Ictal Tachycardia in Generalized Tonic-Clonic Seizures
Abstract number :
H.09
Submission category :
Year :
2000
Submission ID :
1130
Source :
www.aesnet.org
Presentation date :
12/2/2000 12:00:00 AM
Published date :
Dec 1, 2000, 06:00 AM
Authors :
Dileep R Nair, Prakash Kotagal, Cleveland Clin Fdn, Cleveland, OH.
RATIONALE:To measure ictal heart rate changes in patients with secondary generalized tonic-clonic seizures (SGTCS) who have intractable localization-related epilepsy. METHODS:Continuous heart rate monitoring with pulse oximetery was performed in patients admitted to the video-EEG monitoring unit who had a history of SGTCS. Nine patients with 13 secondary generalized tonic-clonic seizures were evaluated. Ictal semiology as well as ictal EEG results were also evaluated. The presence or absence of supplemental oxygen administration was also evaluated.
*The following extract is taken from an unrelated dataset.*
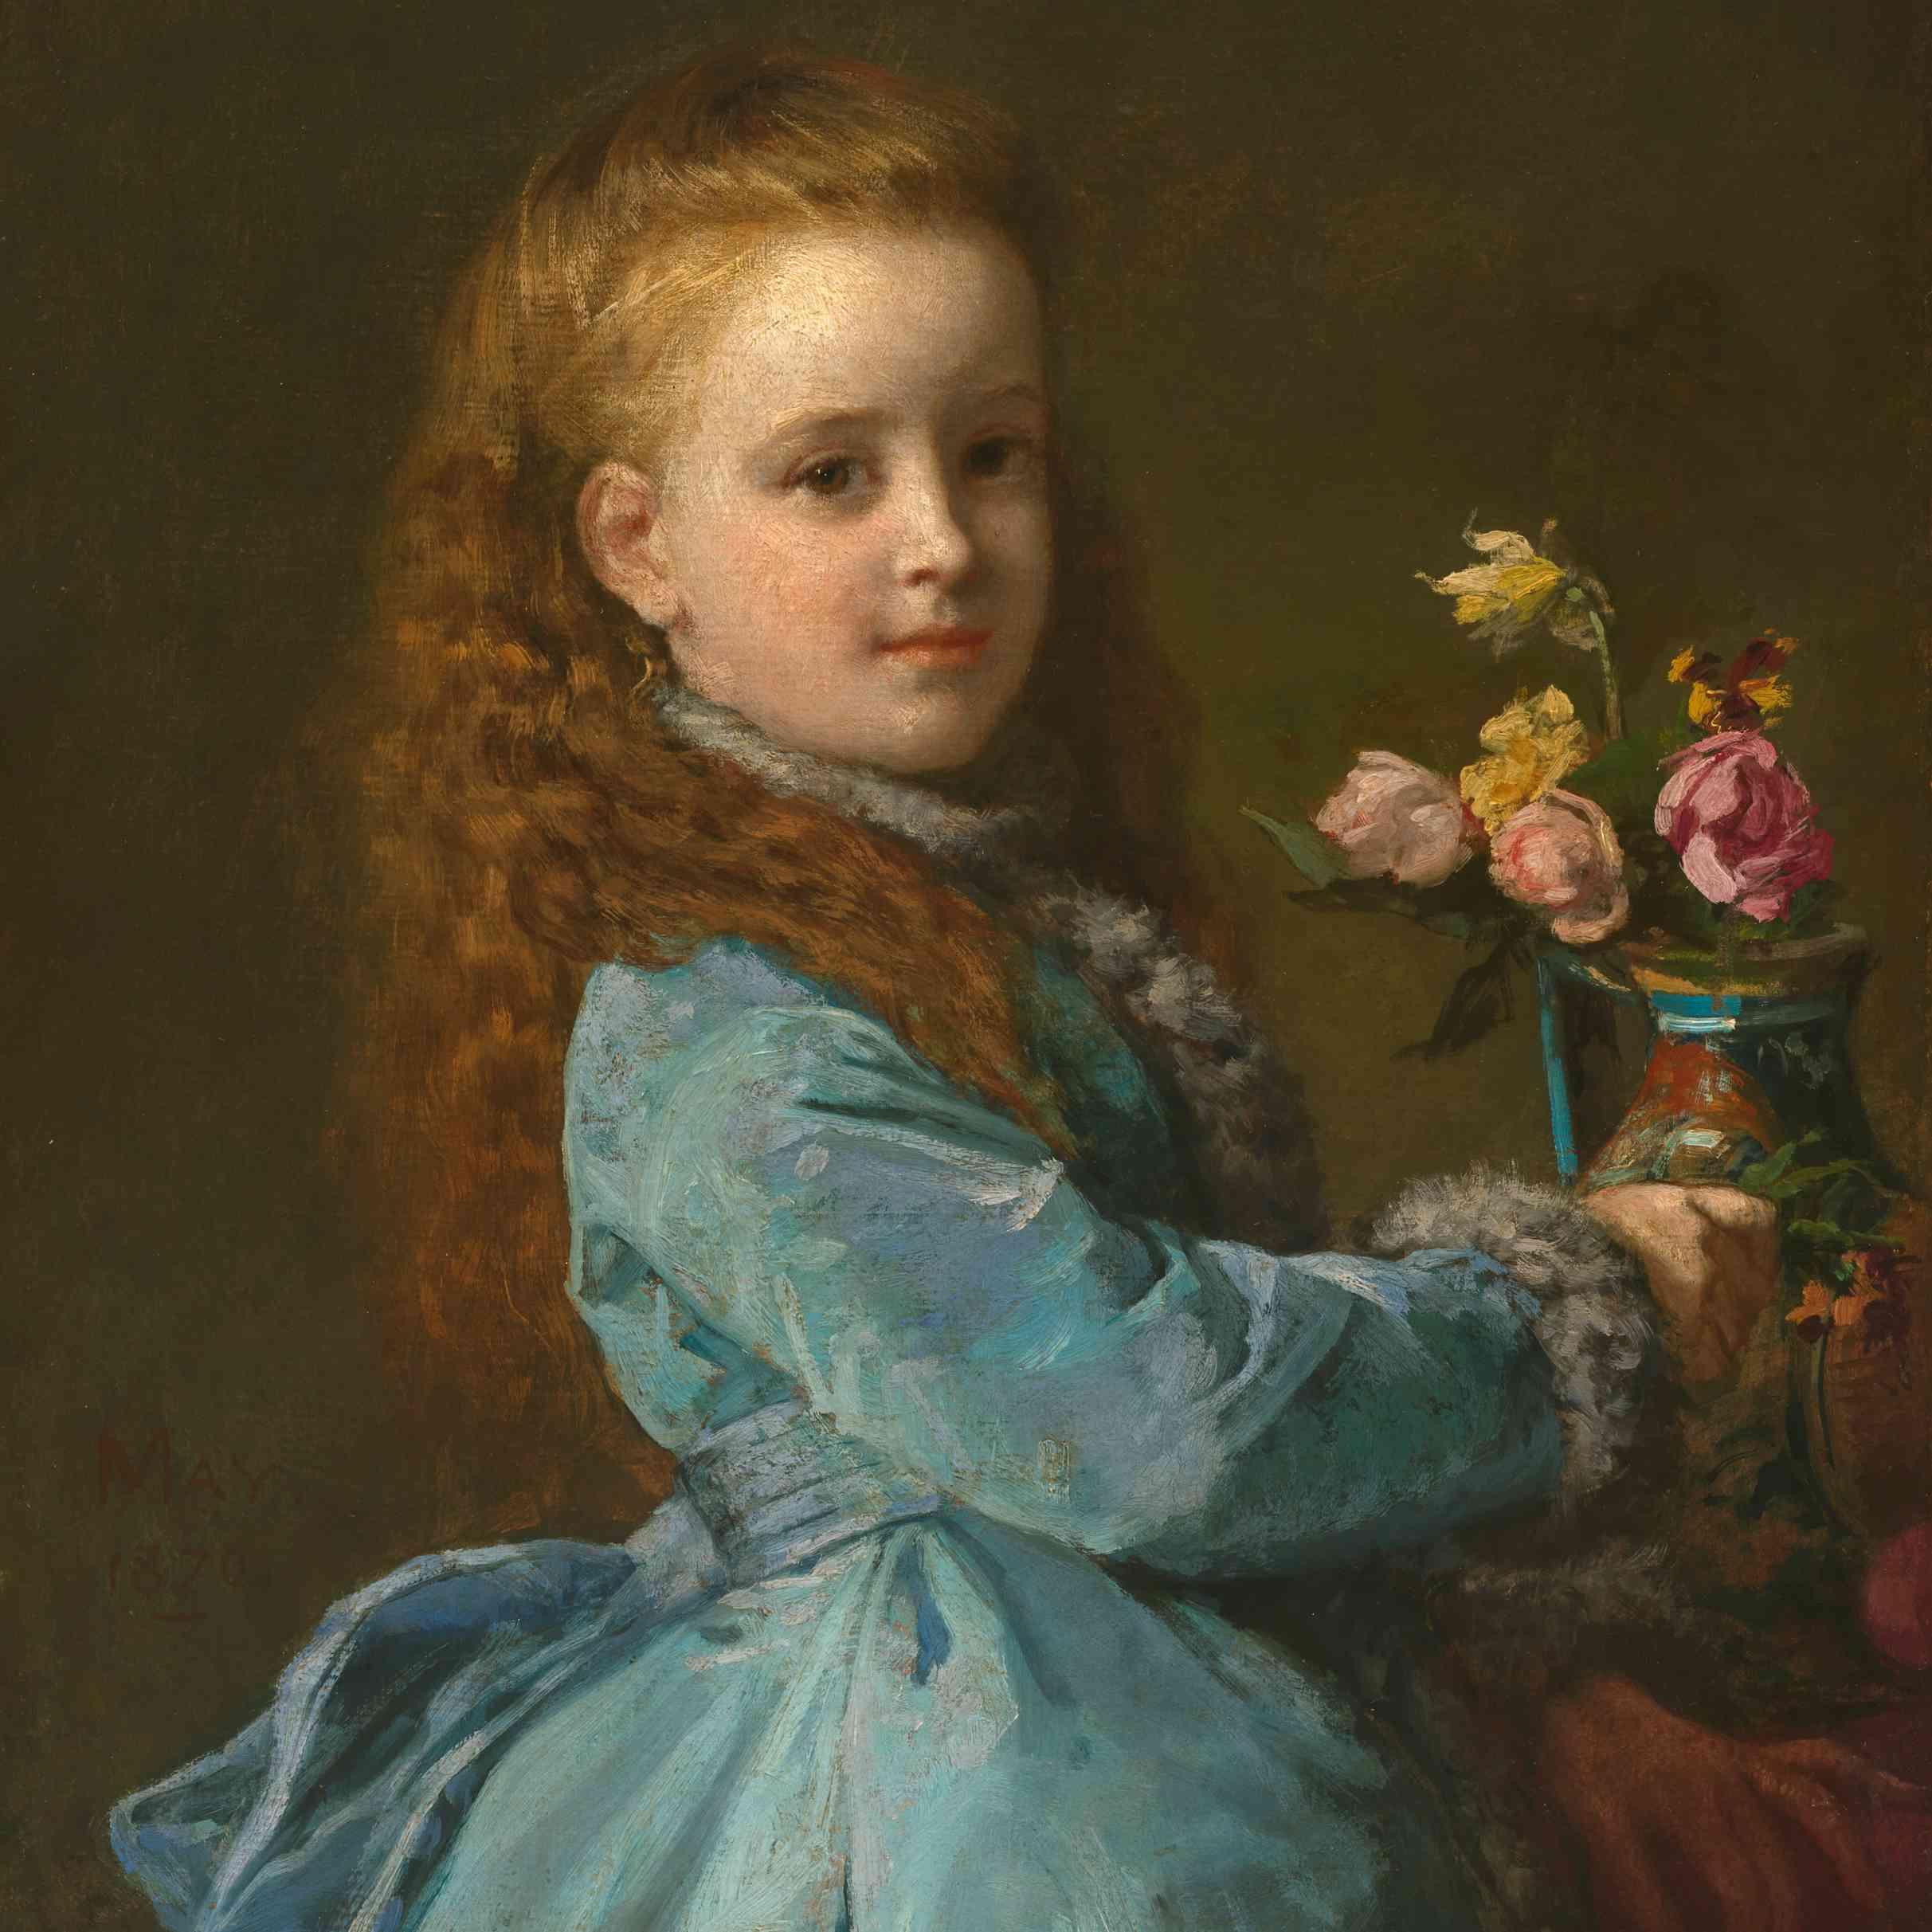 Portrait of Edith Wharton, 1870

RESULTS: Of the nine patients 4 were female. Mean baseline preictal heart rate was 75 (range 60 to 98). Mean highest ictal heart rate in all the seizures evaluated was 143 (range 125 to 165). In ten out of the 13 seizures recorded the slope of the ictal tachycardia was interupted by one or more significant peaks prior to which the maximum tachycardia was acheived. In all the seizures monitored, the onset of the rise of heart rate took place prior to the motor phase of the seizure. The beginning of the second peak in eight of the ten seizures with two or more peaks began at the maximum point of desaturation and during the motor phase of the seizure. The onset of the secondary peaks were not affected by delivery of supplemental oxygen to the patient during the SGTCS. CONCLUSIONS:Intractable localization-related epilepsy with secondary generalization is associated with a significant tachycardia which in many patient represents a doubling of their baseline preictal heart rates. In a substantial portion of these patients the ictal tachycardia is composed of two separate peaks. The onset of tachycardia begins prior to the motor manifestation in these patients, suggesting a mechanism other than metabolic drive as the cause of the tachycardia. The patients with a second peak in their tachycardia had the onset of that peak during the midst of the motor manifestion and at the peak desaturation. The mechanism of this peak may be a result of metabolic drive caused by motor manifestation of the seizure.